Problem details:
Could you repeat exactly the lines below, from the line containing "Hexham Housing Needs" through the last one, both included, while leaving out any pictures?
---- Dataset extract
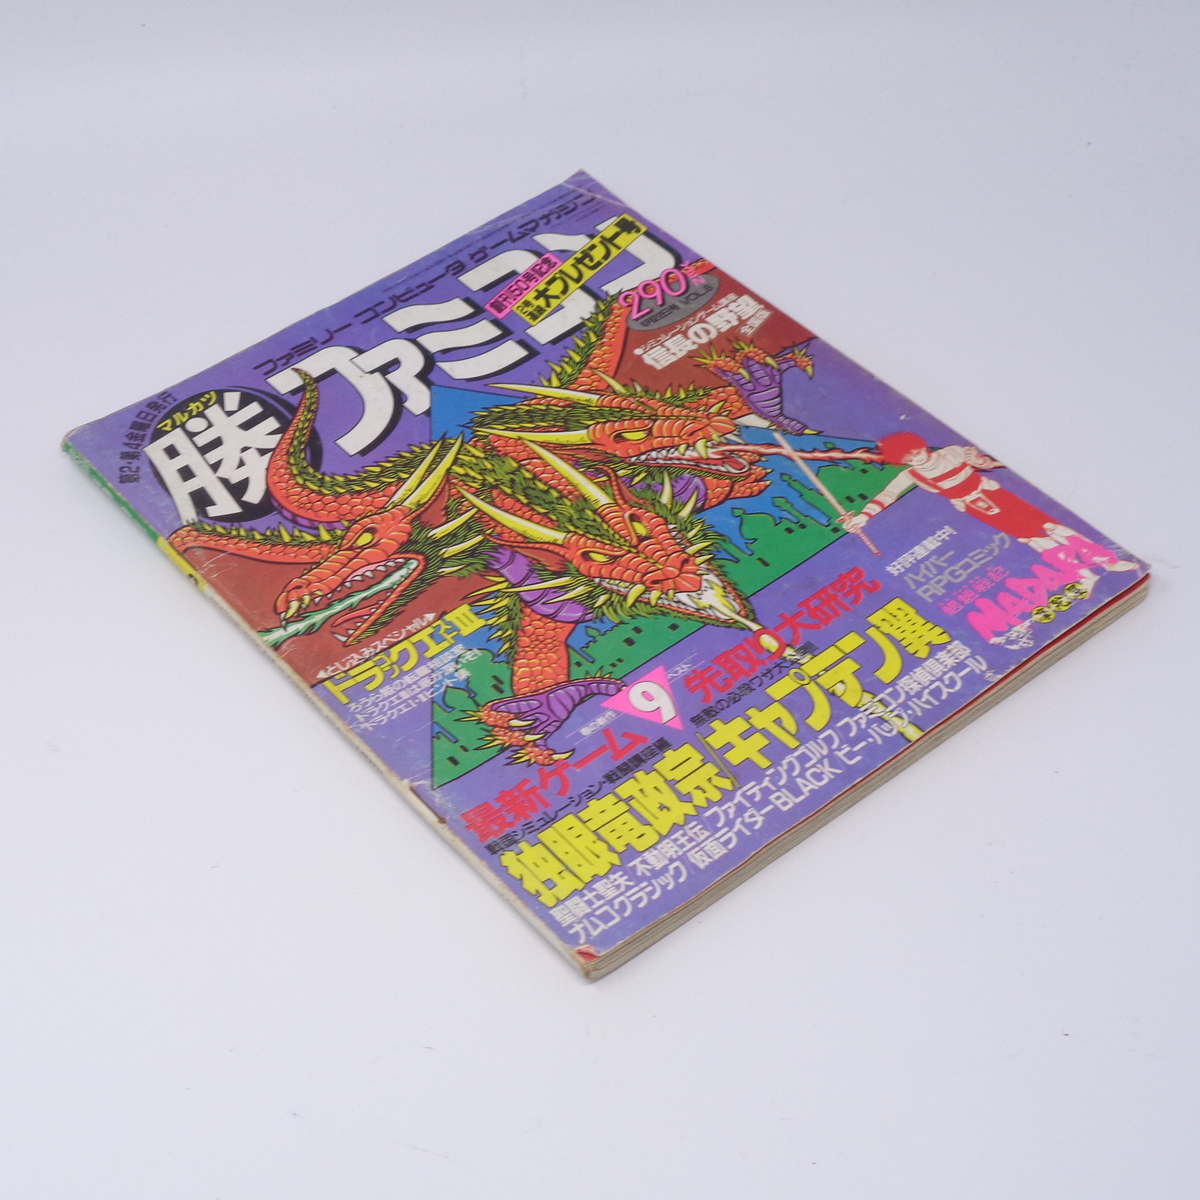 マル勝 マルカツファミコン 1988年4月22日号VOL.8/ドラゴンクエスト3/キャプテン翼/ファミコン探偵倶楽部/ゲーム雑誌[Free Shipping]
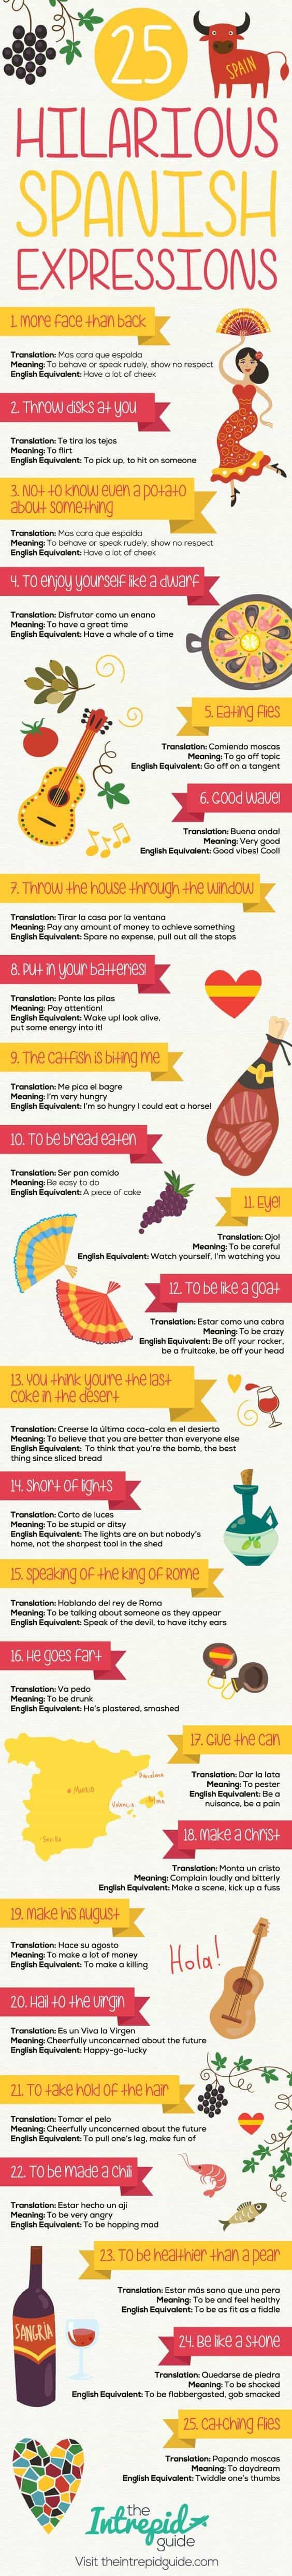 Teach English In Spain
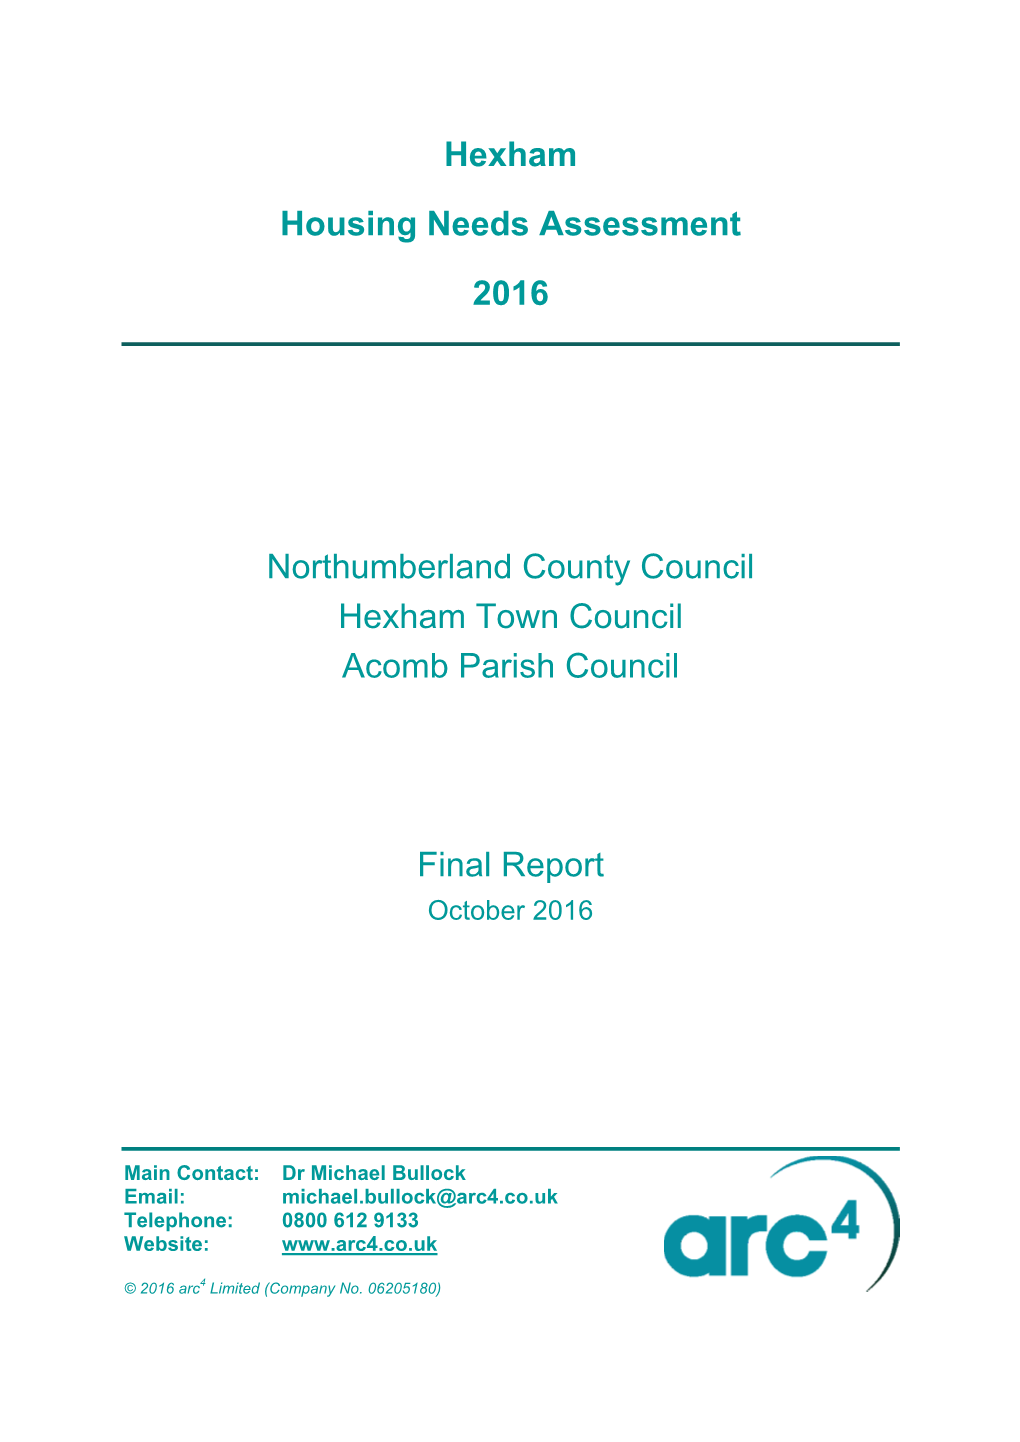 Hexham Housing Needs Assessment (October 2016)
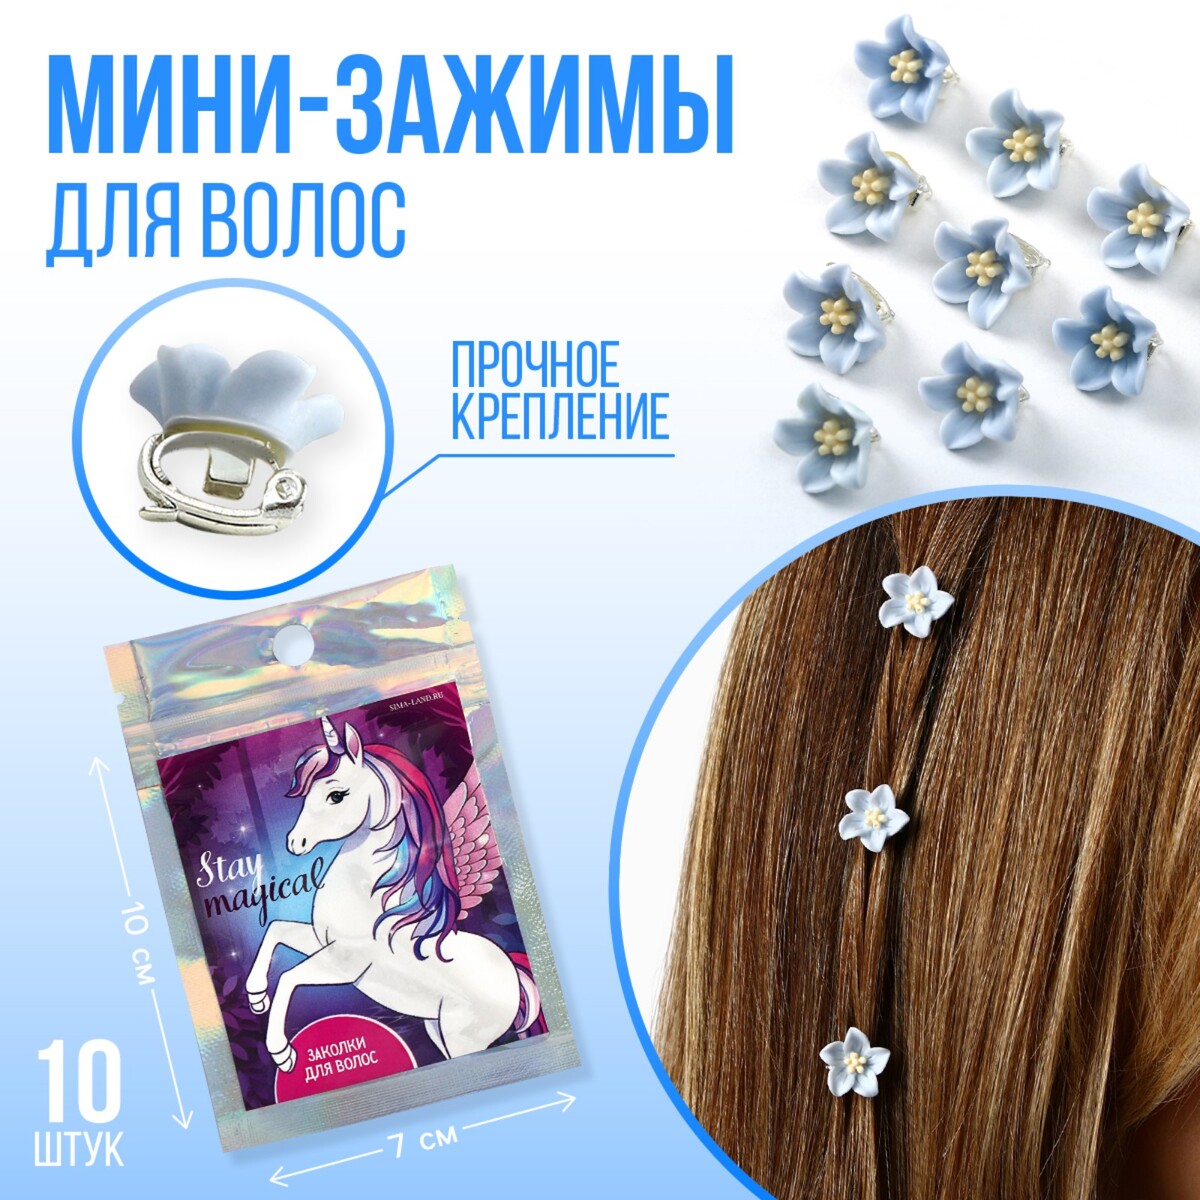 Набор мини-зажимов для украшения волос stay magical, 10 шт., 1.3 х 1.3 х 1.5 см аксессуары для волос c бижутерией
--------
Task result:
 Hexham Housing Needs Assessment (October 2016)
 Набор мини-зажимов для украшения волос stay magical, 10 шт., 1.3 х 1.3 х 1.5 см аксессуары для волос c бижутерией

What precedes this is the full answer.